Au Grand Prix des États-Unis, quatrième sur la grille de départ, il termine sixième devant son équipier Romain Grosjean. Lors du dernier Grand Prix de l'année au Brésil, il termine dixième mais grâce à l'abandon d'Hamilton, conserve sa troisième place au championnat du monde. Il est le seul pilote à avoir parcouru tous les tours de course de la saison (1191), et devient le pilote de Formule 1 ayant parcouru le plus grand nombre de tours en une seule saison.

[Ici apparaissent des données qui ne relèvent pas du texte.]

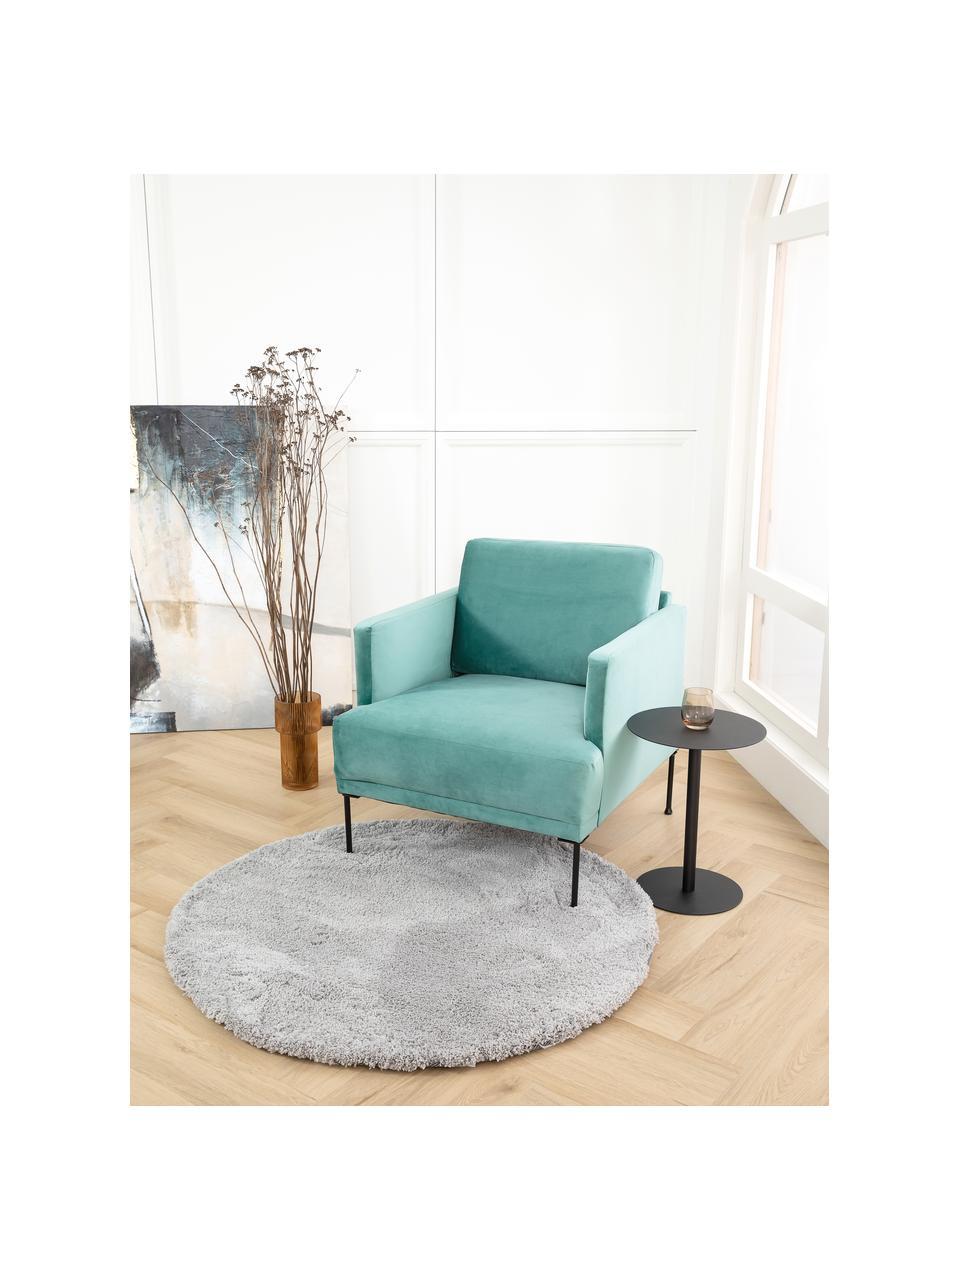 Fluwelen fauteuil Fluente in lichtgroen met metalen poten, Bekleding: fluweel (hoogwaardig poly, Frame: massief grenenhout, Poten: gepoedercoat metaal, Fluweel lichtgroen, B 74 x D 85 cm

2013 : Deuxième et dernière saison avec Lotus F1 Team :

Au Grand Prix inaugural en Australie, Kimi Räikkönen s'élance en septième position pour se retrouver très rapidement quatrième. Grâce à une stratégie à deux arrêts et un rythme de course élevé (il réalise le meilleur tour en course), il remporte la vingtième victoire de sa carrière et égale ainsi son compatriote Mika Häkkinen. En Malaisie, septième des qualifications, il écope d'une pénalité de trois places pour avoir gêné Nico Rosberg pendant la séance qualificative et démarre dixième; en course il termine septième derrière son coéquipier Romain Grosjean. Lors du Grand Prix de Chine, Räikkonen se qualifie en première ligne; le lendemain en début de course, il s'accroche avec Sergio Pérez et poursuit l'épreuve avec le museau de sa monoplace endommagé. Second de la course derrière Fernando Alonso, il revient à trois points de Sebastian Vettel au championnat. Une semaine plus tard à Bahreïn, il termine une nouvelle fois second après s'être élancé huitième.
En Espagne pour le retour de la compétition en Europe, il obtient, en terminant deuxième entre les deux pilotes Ferrari, son quatrième podium de la saison. Lors du Grand Prix de Monaco, Räikkönen alors cinquième, s'accroche avec Sergio Pérez en fin d'épreuve et termine dixième. Au Canada, il connaît un week-end difficile et doit se contenter de la neuvième place. En terminant cinquième du Grand Prix de Grande-Bretagne, il devient le nouveau recordman du nombre d'arrivées consécutives dans les points en Formule 1. En Allemagne, alors qu'il est troisième derrière son coéquipier Romain Grosjean, il bénéficie d'une consigne d'équipe et revient à une seconde du leader Sebastian Vettel lors des derniers kilomètres de course; il ne parvient pas à le doubler et se classe deuxième, comme en Hongrie.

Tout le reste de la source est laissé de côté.